Exercise
Count how many lines in the following data hold the word "with". Your answer is the number and nothing else.

Supplied material
▬▬▬

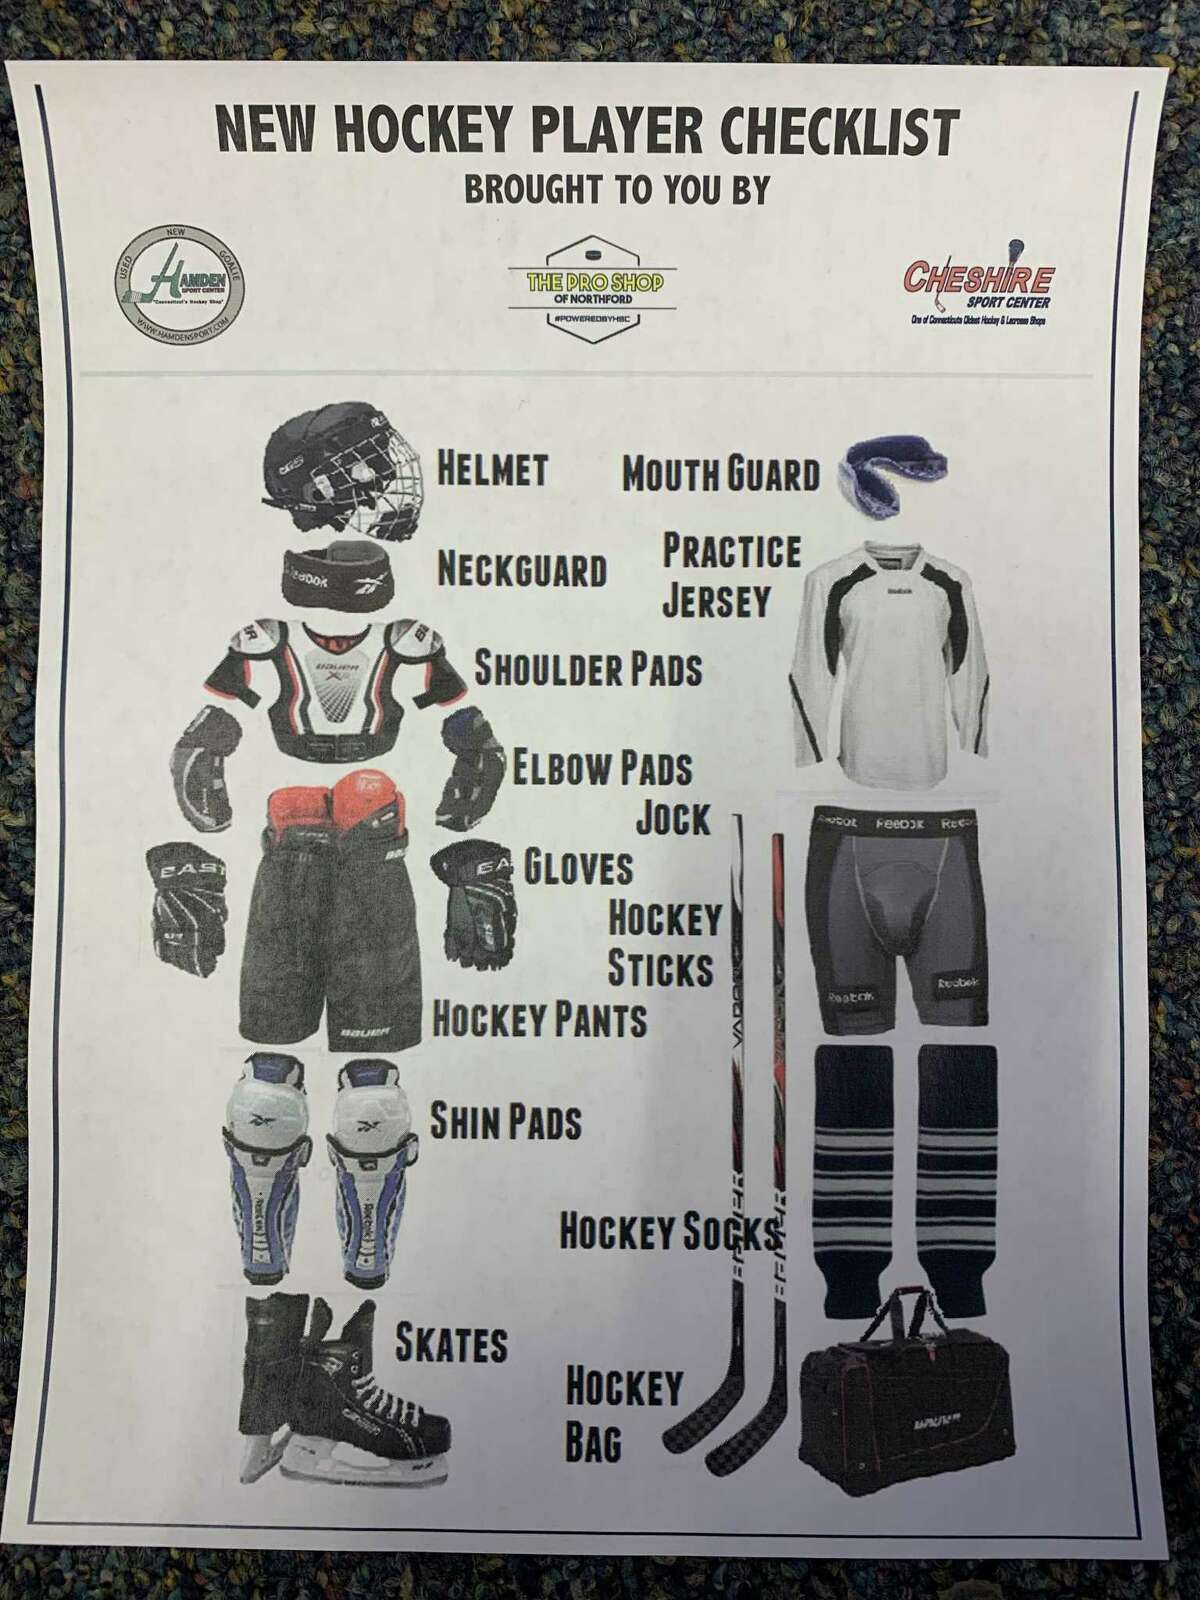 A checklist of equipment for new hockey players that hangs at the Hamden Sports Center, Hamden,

▬▬▬

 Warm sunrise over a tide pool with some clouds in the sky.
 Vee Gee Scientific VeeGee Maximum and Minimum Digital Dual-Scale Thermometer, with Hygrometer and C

▬▬▬

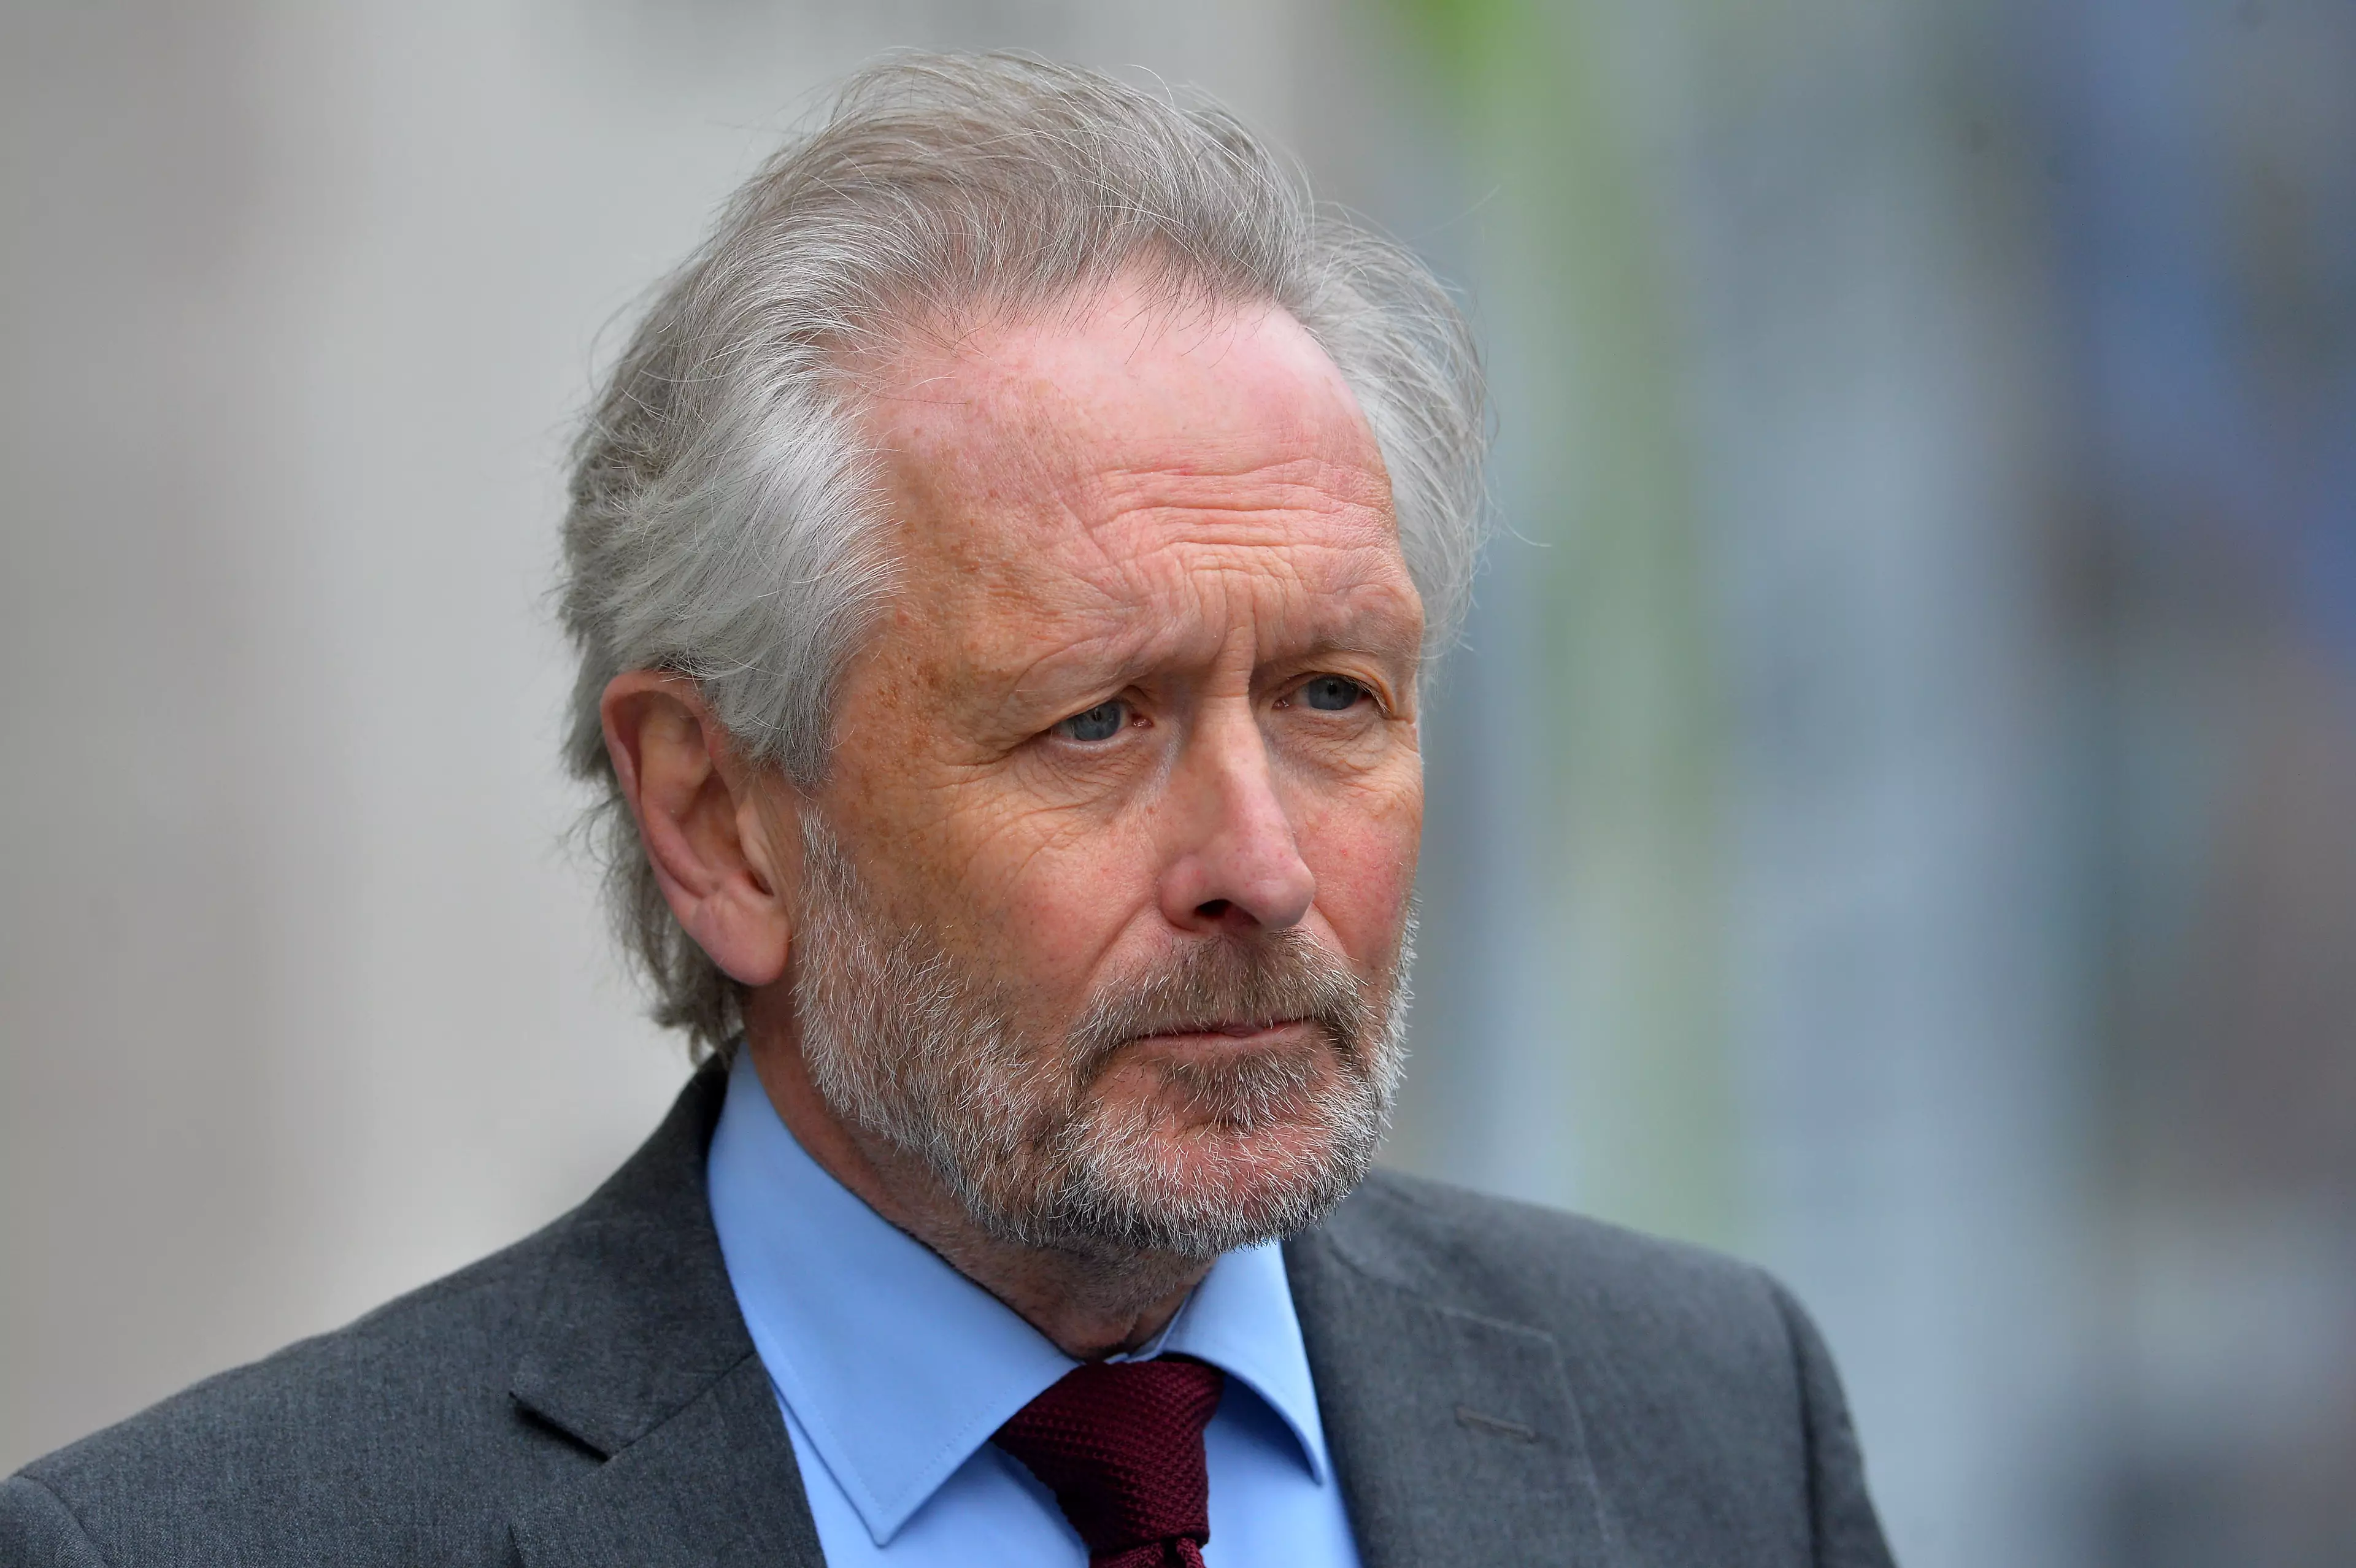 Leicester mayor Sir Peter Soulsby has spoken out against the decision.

▬▬▬

Written solution
2